Sejak hampir 4 tahun ini, kedua keponakanku menuntut ilmu di sebuah pondok putri di daerah Ngawi.

Beberapa pekan sekali, mbak akan datang berkunjung. Menengok mereka. Kendaraan favoritnya, tentu saja bis jurusan Jogja - Surabaya.

Begitu banyak ceritanya dengan bis jarak jauh ini. Dari naik bis yang sopirnya gak kenal rem, karena selalu injak gas dalam kondisi apapun sampai salah naik jurusan bis. (Yang belakangan ini pernah kutuliskan ceritanya disini)😊.
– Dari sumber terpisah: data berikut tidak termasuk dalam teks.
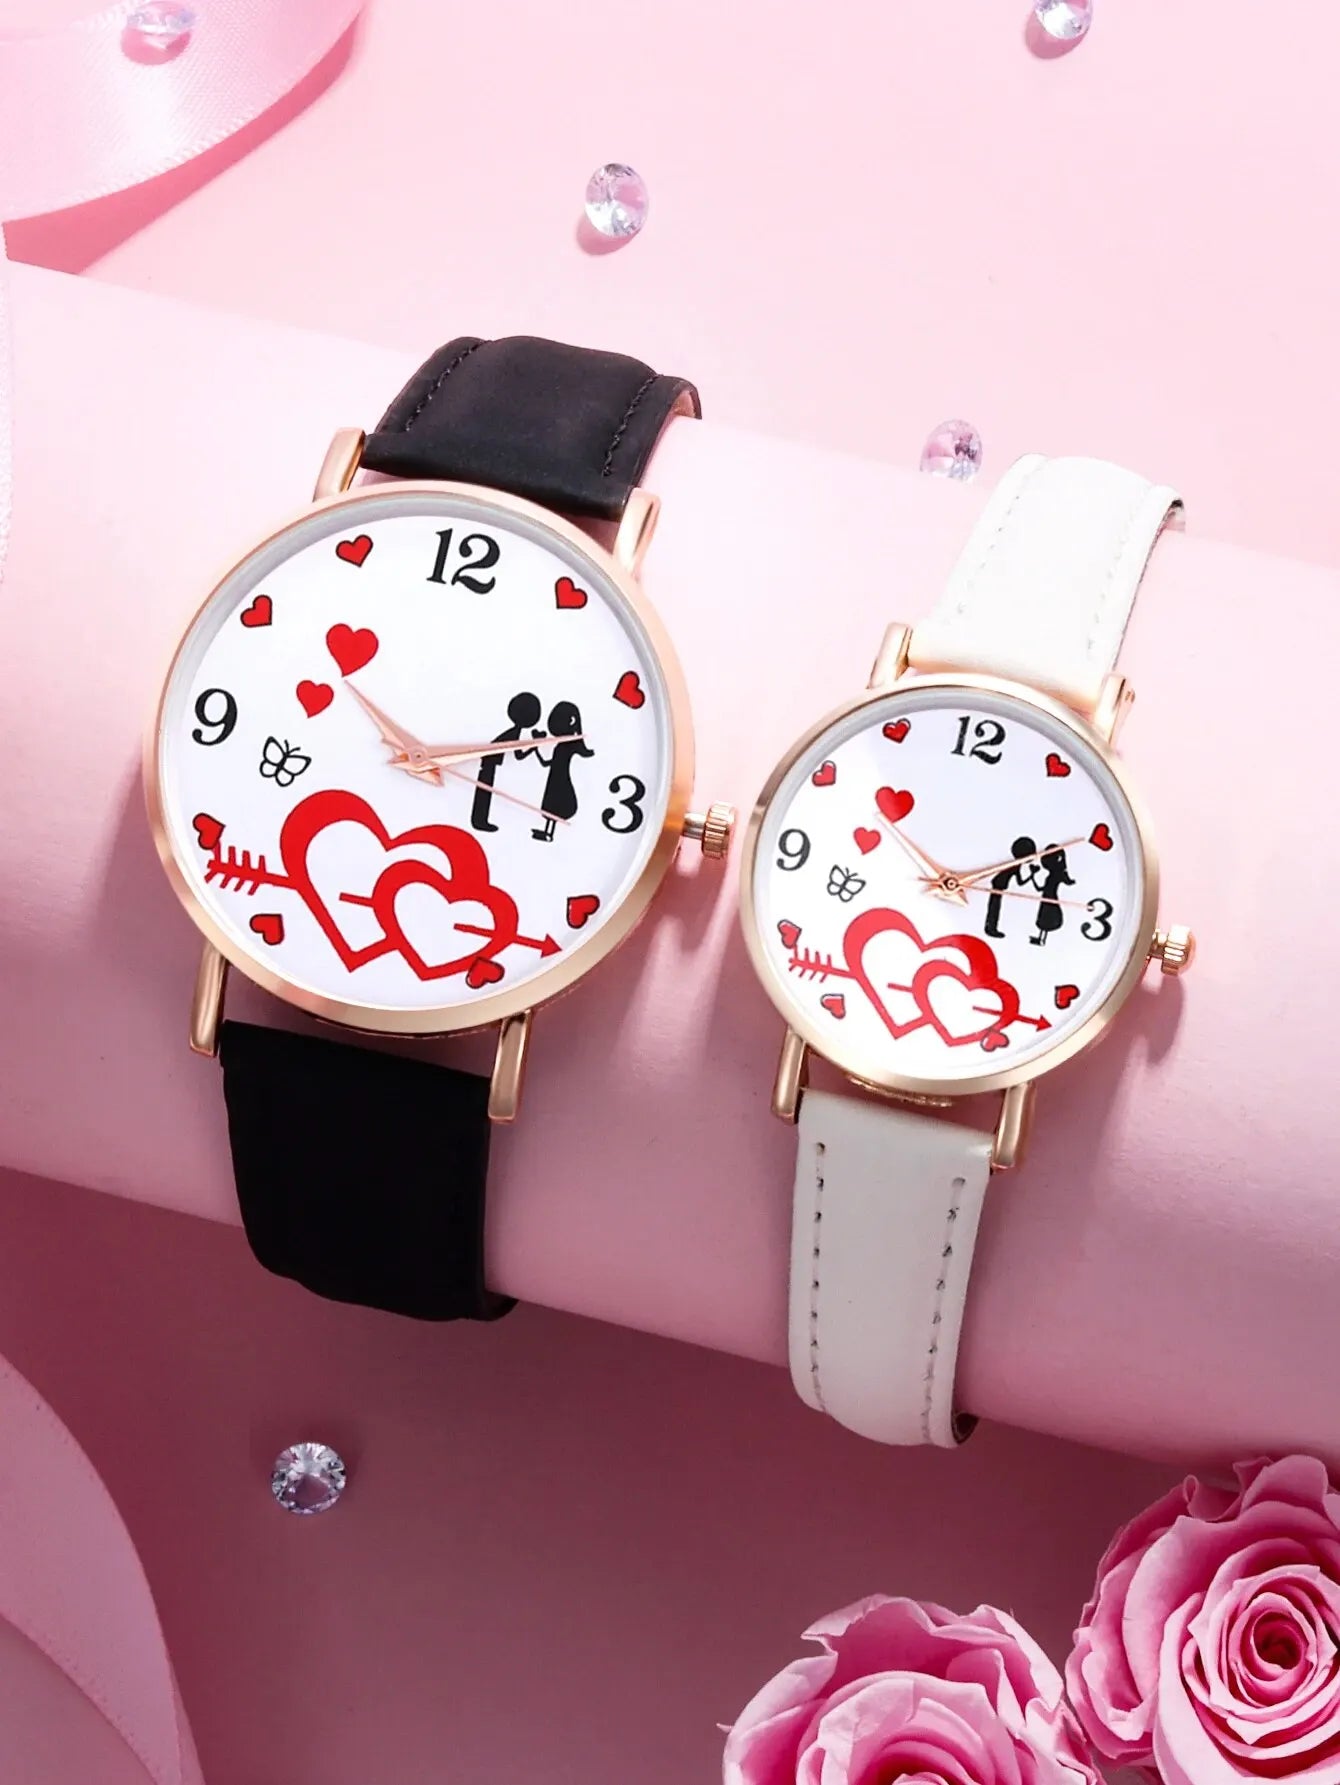 Women Men Fashion Trend Simple Love Digital Stainless Steel Leather Quartz Couple Watch Romantic Happiness Valentine's Day Sift

Namun, sejak beberapa waktu lalu, mbak tidak lagi menggunakan bis. Karena atas 'restu dan ijin' bapak, mbak diperkenankan untuk berkendara sendiri tanpa pendamping. Menempuh jarak sekitar 115 km dari kota kami. 😊.

Bila dulu saat naik bis, mbak hanya membawa makanan kering untuk kedua putrinya, kali ini berbeda. Tidak hanya bahan makanan mentah, tapi juga kompor dan semua peralatan masak. Mulai dari panci, wajan, baskom dan masih banyak lagi.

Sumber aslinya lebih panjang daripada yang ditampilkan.